PÓS-VERDADE: O NOVO STATUS DO VELHO BOATO
Em meados dos anos noventa, em um setembro quente do populoso bairro da Região Metropolitana do Rio de Janeiro, a deputada em campanha visitava os eleitores de casa em casa, convidando para o comício na praça principal. Após a caminhada de seis horas sob o sol escaldante, ao chegar ao local do comício, em um espaço reservado atrás do palco, puxou uma dessas cadeiras de plástico patrocinadas por cervejaria, emprestada pelo dono de um boteco próximo. Recompondo-se de uma desgastante empreitada, enxugava o rosto com uma toalha enquanto falava com assessores próximos: “não vejo a hora de chegar em casa, tomar um banho e tirar esse cheiro de pobre”. Por azar da deputada, o microfone estava ligado e sua fala fora reproduzida pelas caixas de som instaladas na praça, que estava repleta de pessoas esperando o comício. A revolta tomou conta da multidão, que iniciou uma quebradeira. A deputada, sob escolta e vaias, deixou o lugar para nunca mais voltar. A história chegou a muitos outros bairros, o que dificultou a campanha da deputada. A notícia se espalhou como rastilho de pólvora nos tempos em que as redes sociais ainda engatinhavam. O fato nunca existiu: criação de opositores, que espalharam o boato com ajuda de aliados em diversos bairros para prejudicar a campanha da deputada.

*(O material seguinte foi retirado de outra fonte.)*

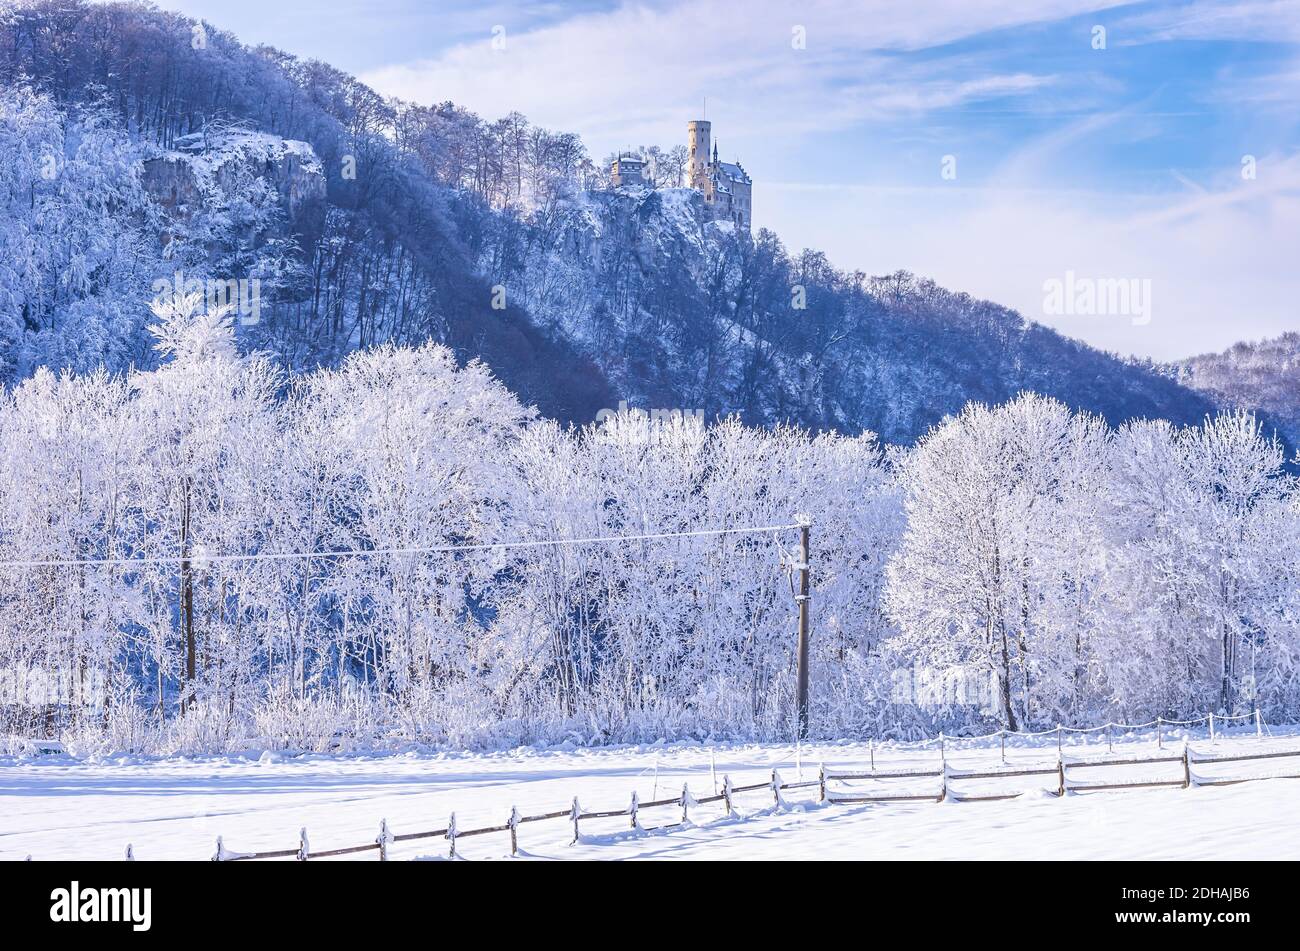 Winterly Lichtenstein Castle in snowy landscape, Honau, municipality of Lichtenstein near Reutlingen, Swabian Alb, Germany. Stock Photo

Deram um novo nome aos boatos. Muito do comportamento humano foi rebatizado nos tempos de internet, com isso se veem comportamentos antigos como se fossem práticas nascidas da tecnologia. Alguns afirmam: “a pós-verdade é um fenômeno das redes sociais”. É boataria que sempre existiu, mas que se potencializou, ganhando velocidade e alcance com a tecnologia. Outros apregoam: “com as redes sociais as pessoas passaram a buscar a aprovação dos outros” – também não é novidade; o processo identitário do indivíduo sempre dependeu dos grupos sociais de convivência. Outros vociferam: “Mark Zuckerberg é o criador das interações sociais” – Não!!! Os processos de interação são estudados desde os anos 50 (o Facebook e similares deram amplitude aos processos de interação). Não se pode chamar de novo o que sempre existiu.
Independentemente das novas formas de comunicar, boatos podem ser devastadores. As pessoas sabem disso! Apresentar uma prática detestável antiga como um novo fenômeno pode não ser didático e tende a adiar o ensinamento básico de que não se deve divulgar por aí tudo que é lido na internet.